Fig 1: Headroom trade-off while selecting crossover frequency

One mic is in the sweet spot in the first row, and the opposite corners of the seating area get a mic each as well. The middle of the second row gets another mic for good measure, giving us a total of 4 microphone positions for 7 listener seats. There is no one right way to place the mics in a space, just try to get a good distribution of mics across the listening area. The mic placed in the ‘sweet spot’ (position 1) will be used to set speaker levels, but all mics have to be used for subwoofer alignment and system EQ.
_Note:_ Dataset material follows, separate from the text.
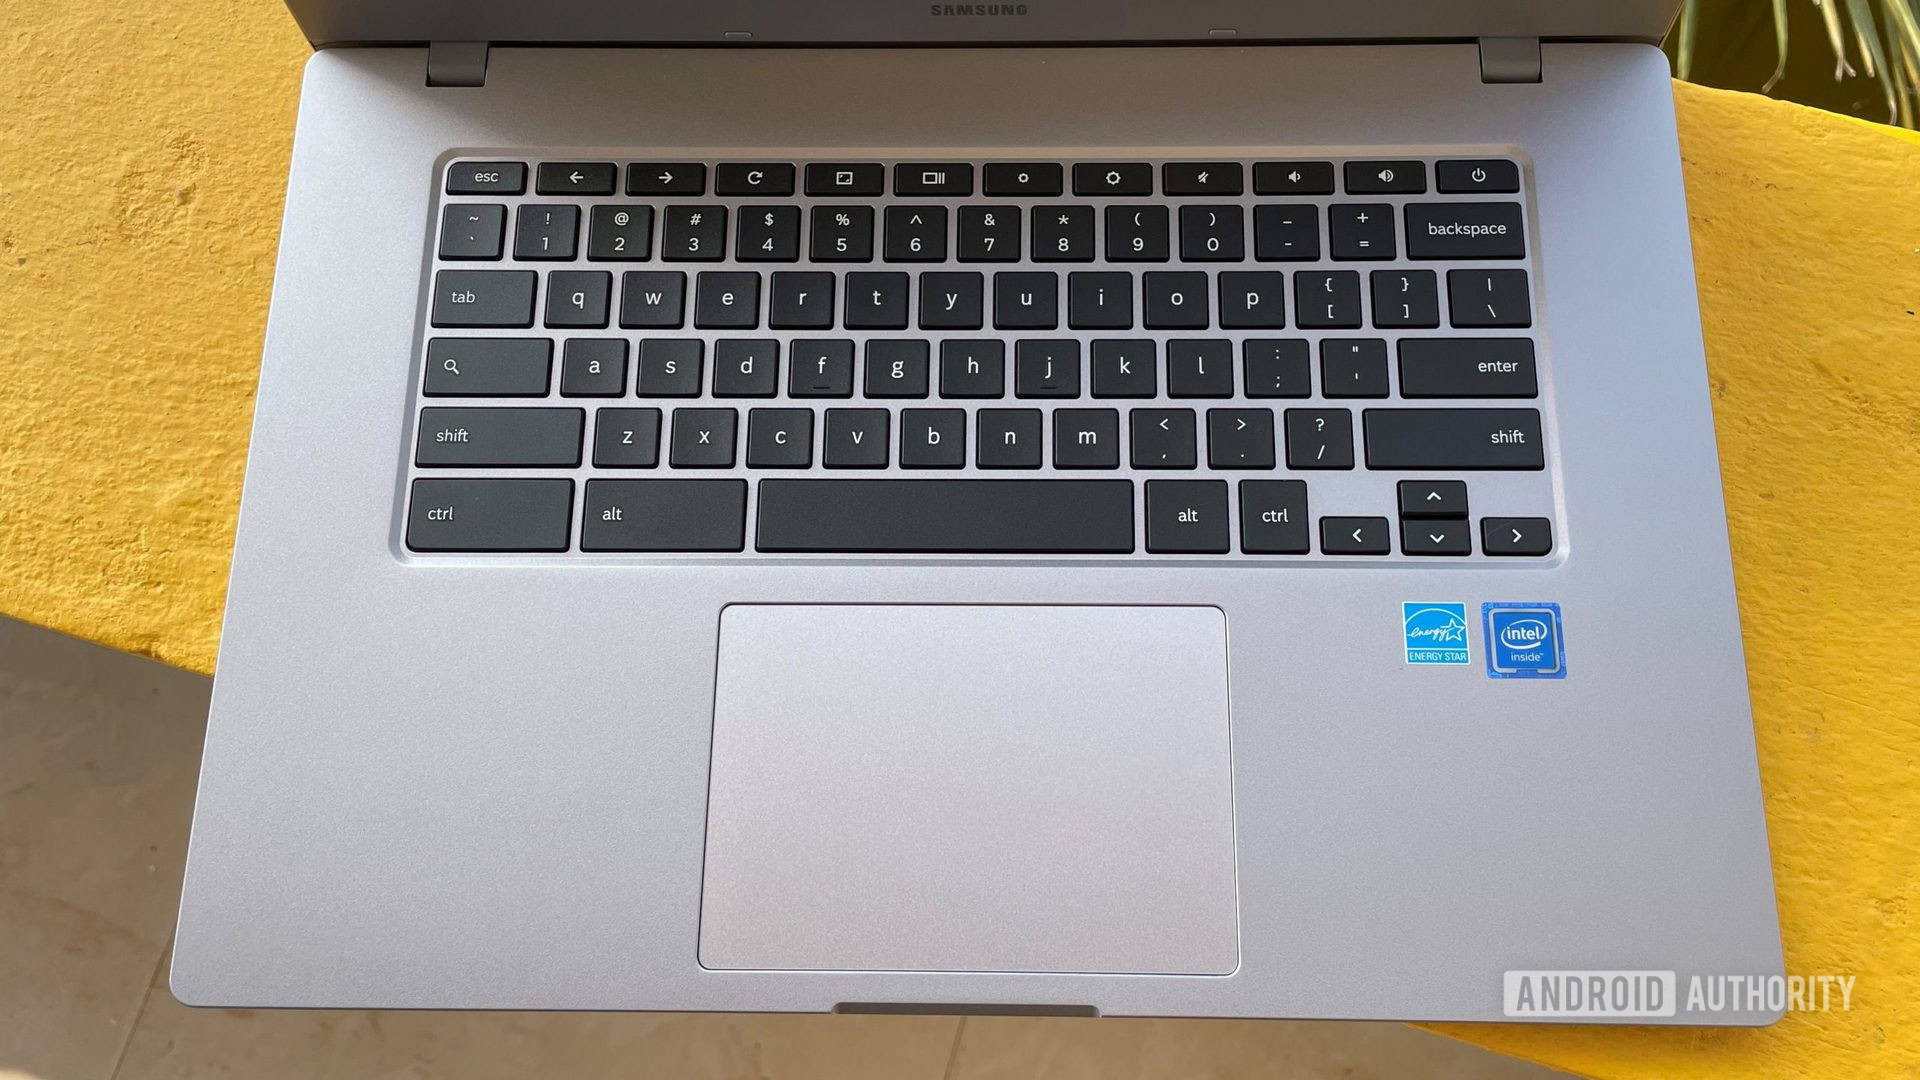 Samsung Chromebook 4 keyboard

It is difficult to do this topic justice in a short article, so I will attempt to cover some of the best practices for equalizing a system. Firstly, and most importantly, one must understand the limitations of equalization. While it is tempting to flatten a curve using parametric or other EQ filters, one false step can lead to major system damage. EQ cannot be used to rectify room acoustical issues. It also should not be used to fix an apparent problem that is audible only at one seat. Rather, it should only be used for tonal shaping, to get a smooth and flat frequency response, as described in the previous article in this series. http://www.palmtechnology.in/Article-87-Acoustic-and-Audio-System-Design-for-Small-Rooms-Part-4-by-Rahul-Sarma.aspx

How do we identify the effect of room acoustics on a frequency response, so that we know to stay far away from it? That is where the multiple mics placed around the listening area come into play. If you have a dip in a frequency response measured in all the microphones, it is unlikely to be a modal issue, which would manifest at the same frequency in all listening positions, at different resonance levels. Even then, it is better to approach with caution and make only gentle changes to the spectrum. It is always more advisable to cut peaks in a response than boost dips, since any boost will eat into system headroom and move you closer to its limit.

The most common mistake made while system tuning is to try and boost a dip that is actually indicative of a nasty energy cancellation due to signals arriving out of phase at a specific position. Increasing the output of those frequencies doesn’t result in any visible change to the frequency response, so one might try to boost the same frequencies with an even higher gain. Before you know it, you have used up the system headroom and eventually fry the system as it runs near its limits!

Fig.2: Test Microphone Positions

System optimization

There are many other processes required to optimize a system for a particular purpose, and it is important to not take any shortcuts. We have only covered a small portion of system optimization, and even the topics we have covered like equalization take months/years of study and practice to truly master.

Time alignment, setting effective limiters to protect the system, creating presets for different ways of using a system and phase measurements are just some of the many other system optimization tasks. It is also worthwhile to test each speaker independently to ensure you have received them in working condition. Never assume that a speaker fresh out of a sealed box must be in perfect working condition. Drivers can be out of phase, and can sometimes even be damaged. It is worthwhile measuring the harmonic distortion curves of each speaker to compare with the factory datasheets. This will ensure that you start optimizing a working system.

Finally, the most important tools required to optimize a system are your ears. There is no substitute for a good ear, and the only way to truly create a good sounding system is to use a combination of measuring tools and critical listening to verify your work. Critical listening ability sets apart the good from the truly great system designers. It is something that can be developed and improved with practice and experience, and therefore needs to be given importance while honing your system optimization skills!